Makassar,Provinsi Sulawesi-Selatan Indonesia,Bahana Merdeka,Com
Makassar – Polemik Sistem Penerimaan Murid Baru (SPMB) Tahun Ajaran 2026 di SMAN 16 Makassar terus menjadi sorotan. Tim Investigasi Bahana Merdeka bersama LSM Jangkar mengaku telah tiga kali mendatangi sekolah untuk meminta klarifikasi langsung kepada Kepala SMAN 16 Makassar berinisial YS, namun hingga berita ini diterbitkan belum berhasil memperoleh tanggapan.

Menurut tim, setiap kali datang ke sekolah, guru maupun staf menyampaikan bahwa kepala sekolah tidak berada di tempat atau belum dapat ditemui. Kondisi tersebut dinilai semakin memunculkan pertanyaan publik di tengah banyaknya pengaduan masyarakat terkait pelaksanaan SPMB.

Tim Investigasi juga menerima laporan dari seorang orang tua CASIS yang meminta identitasnya dirahasiakan.
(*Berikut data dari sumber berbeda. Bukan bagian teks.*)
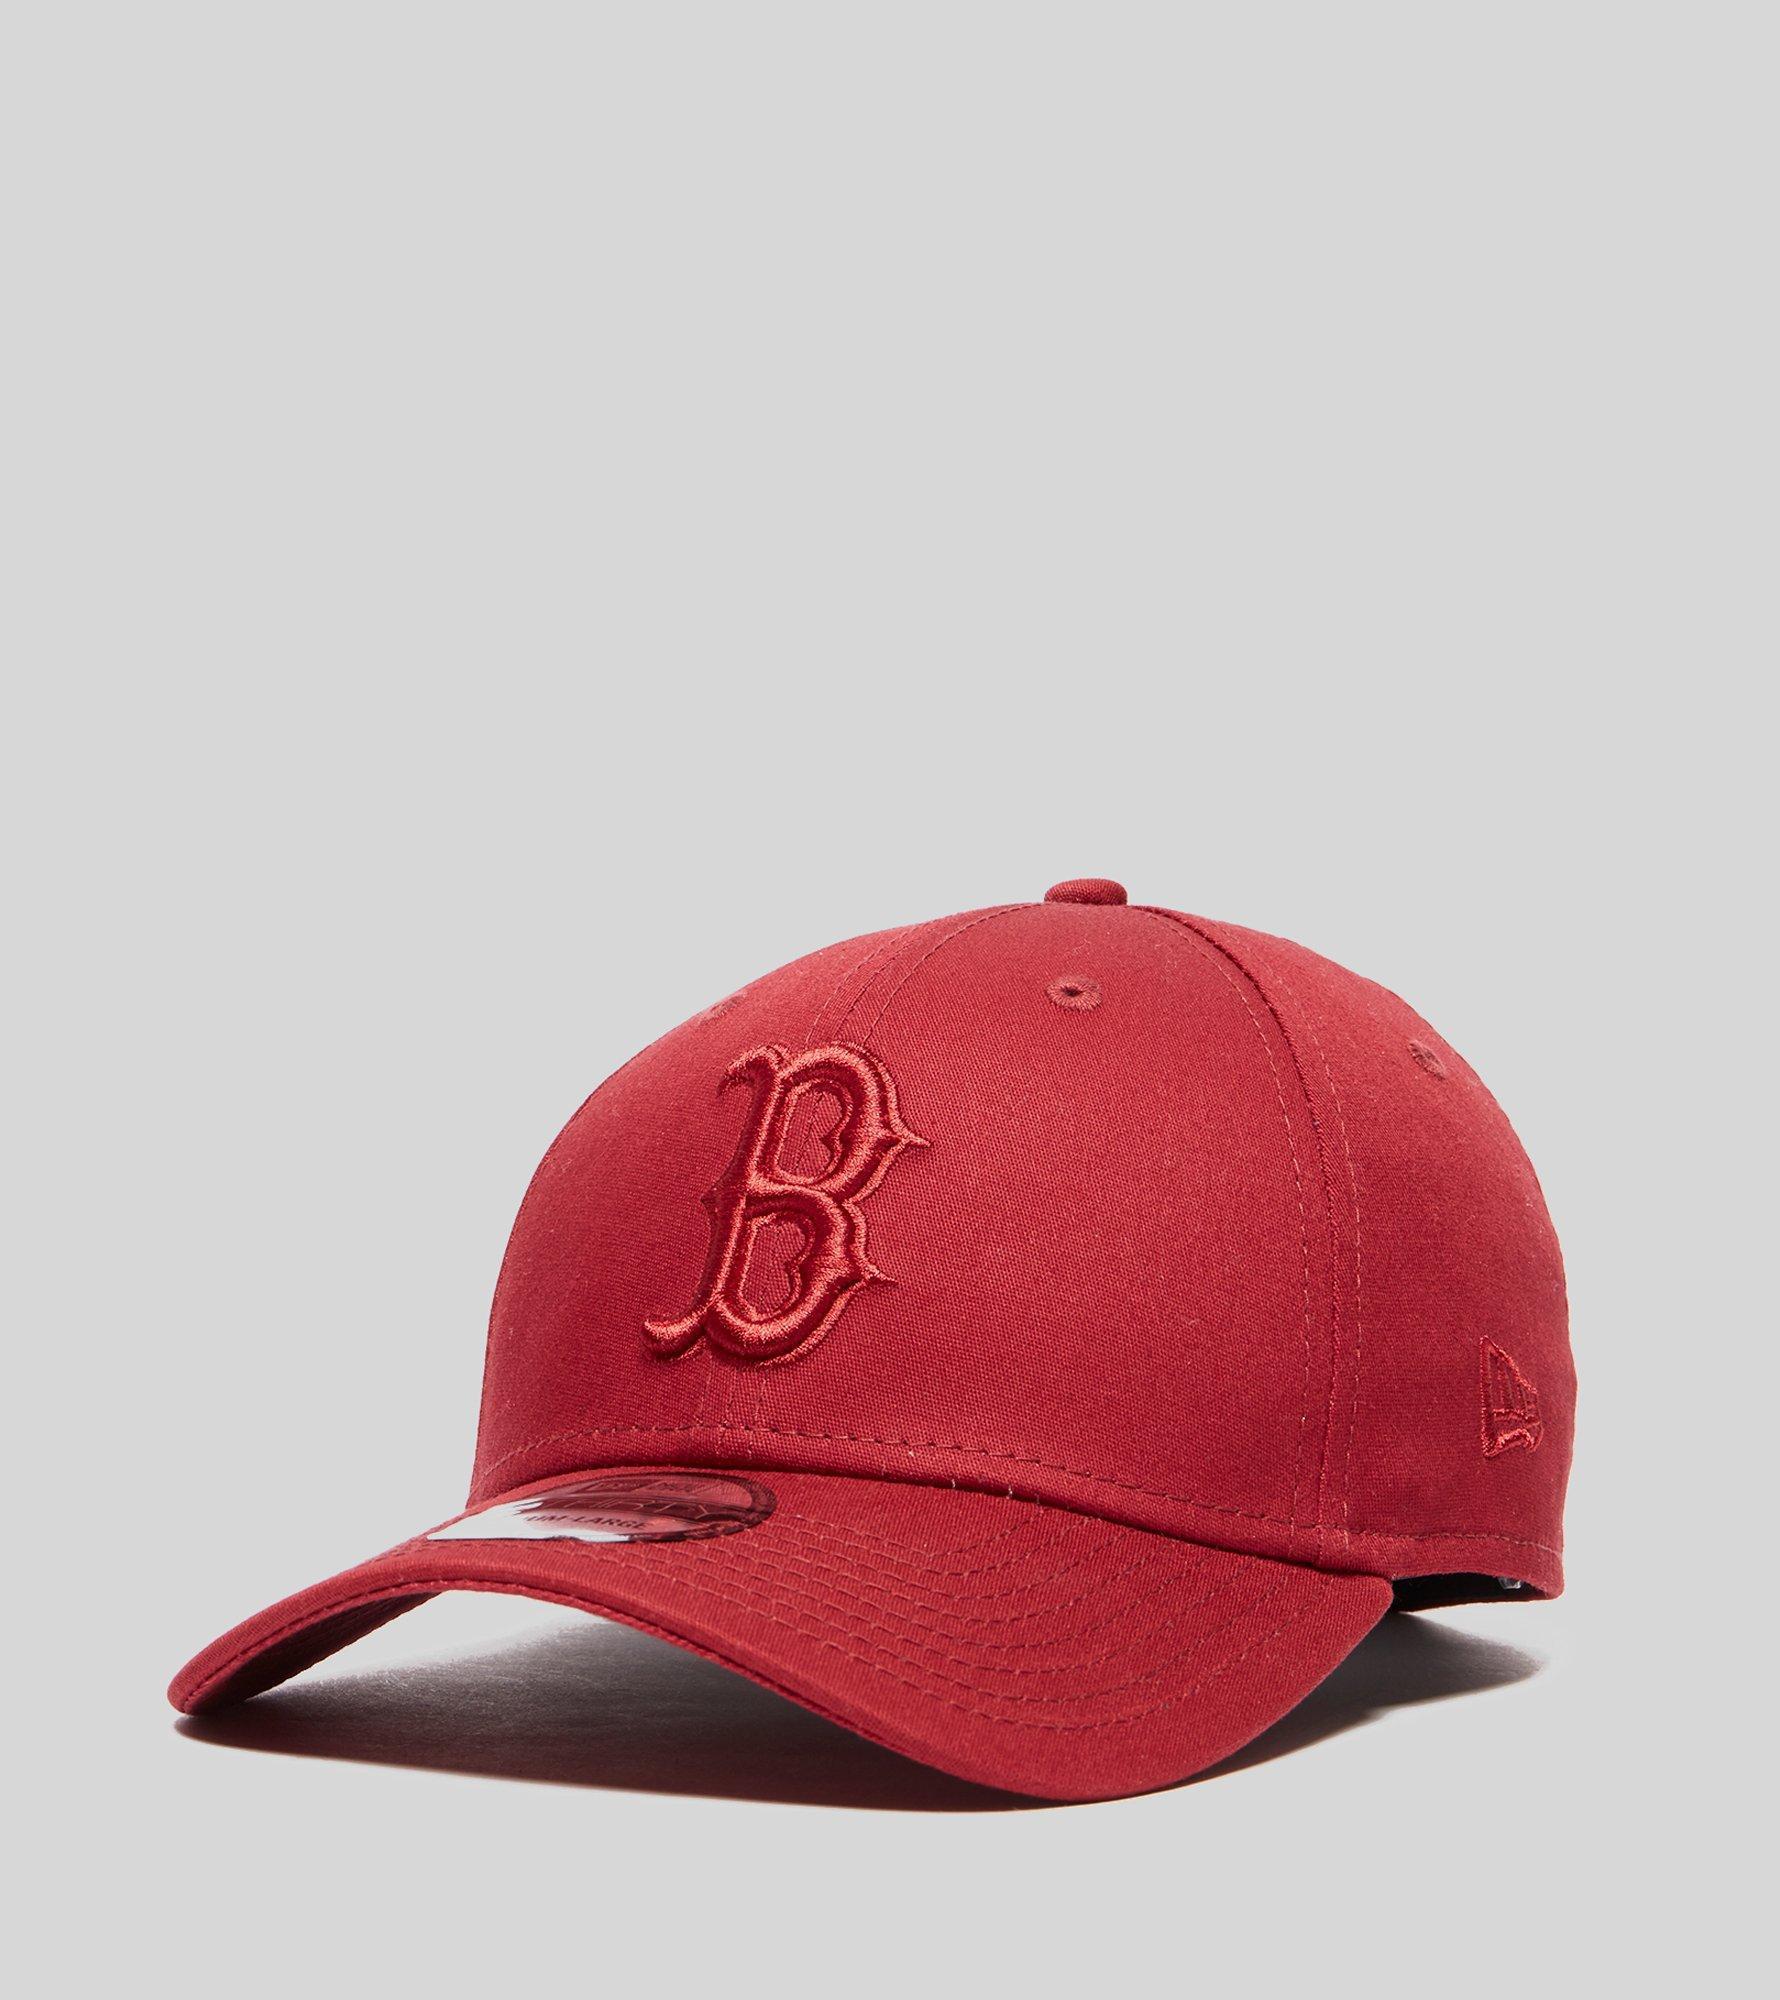 check out 837e4 a93c2 france ktz boston red sox 39thirty cap lyst. view fullscreen 06ec9 7dde5
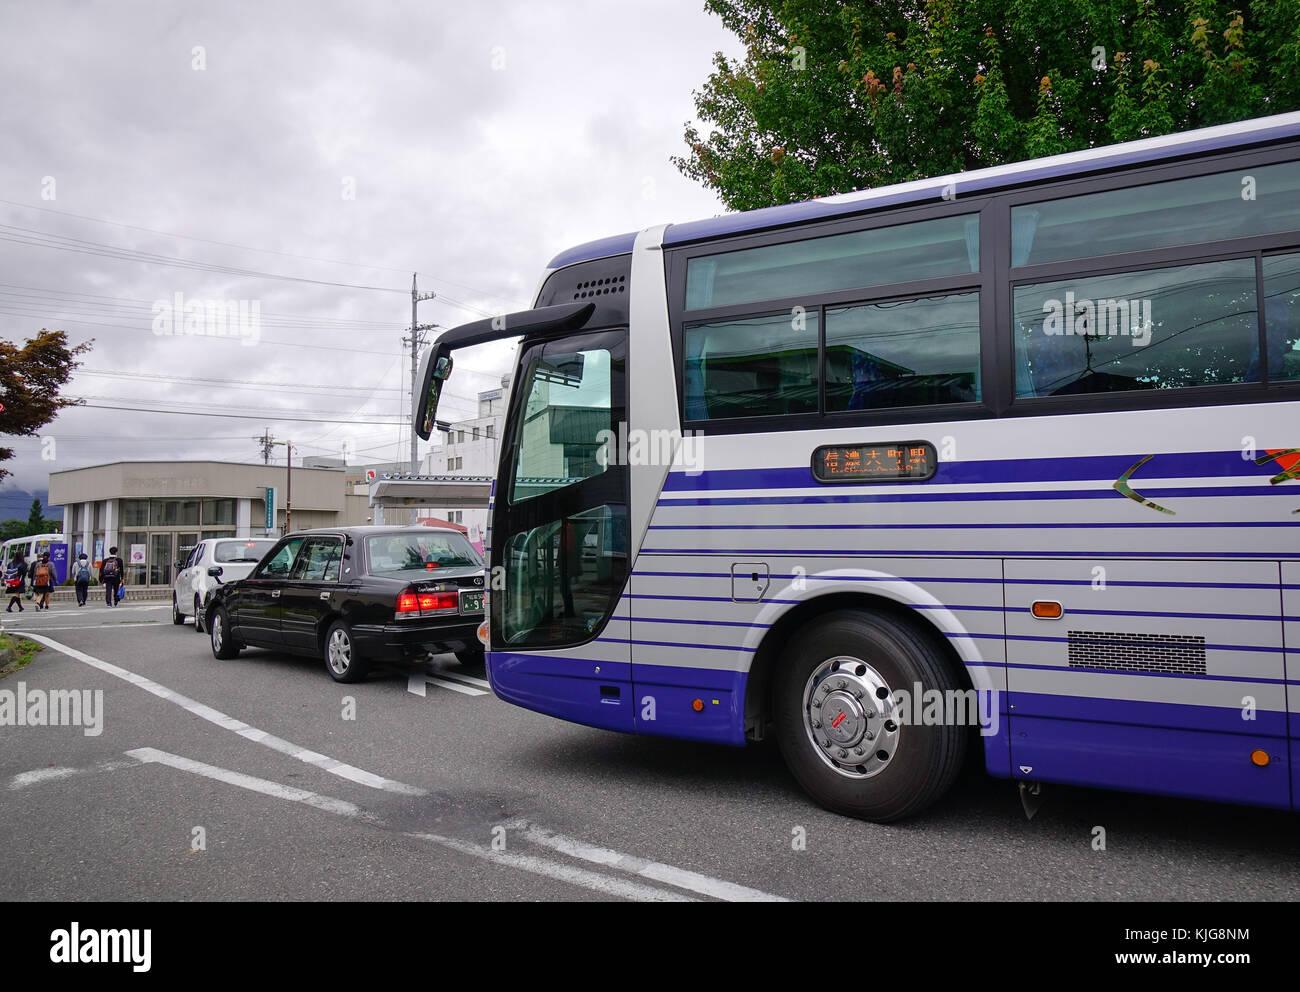 tokyo tour bus stockfotos tokyo tour bus bilder alamy. Black Bedroom Furniture Sets. Home Design Ideas

Sumber tersebut mempertanyakan transparansi proses seleksi dan meminta agar seluruh tahapan penerimaan di SMAN 16 Makassar diusut secara terbuka.

Salah satu CASIS yang disebut dalam laporan adalah Afikah, warga Jalan Kalumpang Lorong 1, Makassar, yang dinyatakan tidak lulus berdasarkan hasil pengumuman resmi. Laporan masyarakat tersebut mendorong Tim Investigasi melakukan penelusuran lebih lanjut terhadap proses penerimaan. Dugaan yang berkembang masih memerlukan pembuktian melalui pemeriksaan oleh instansi yang berwenang.

LSM Jangkar menegaskan tidak menyimpulkan telah terjadi pelanggaran. Namun, sulitnya memperoleh klarifikasi dari pihak sekolah dinilai semakin menguatkan pentingnya investigasi dan audit menyeluruh terhadap data pendaftar, kuota rombongan belajar, berita acara penetapan kelulusan, hingga jejak digital sistem SPMB apabila terdapat perubahan data setelah pengumuman resmi.

Karena itu, LSM Jangkar mendesak Dinas Pendidikan Provinsi Sulawesi Selatan, DPRD Provinsi Sulawesi Selatan melalui komisi yang membidangi pendidikan, Inspektorat, Ombudsman, serta pihak terkait untuk segera melakukan investigasi secara objektif guna memastikan seluruh proses SPMB di SMAN 16 Makassar berjalan sesuai aturan dan menjawab keresahan masyarakat berdasarkan data serta fakta.

Hingga berita ini diterbitkan, Tim Investigasi Bahana Merdeka masih terus berupaya memperoleh konfirmasi dari Kepala SMAN 16 Makassar. Redaksi tetap membuka ruang hak jawab dan hak klarifikasi bagi pihak sekolah maupun Dinas Pendidikan Provinsi Sulawesi Selatan sesuai ketentuan Undang-Undang Nomor 40 Tahun 1999 tentang Pers.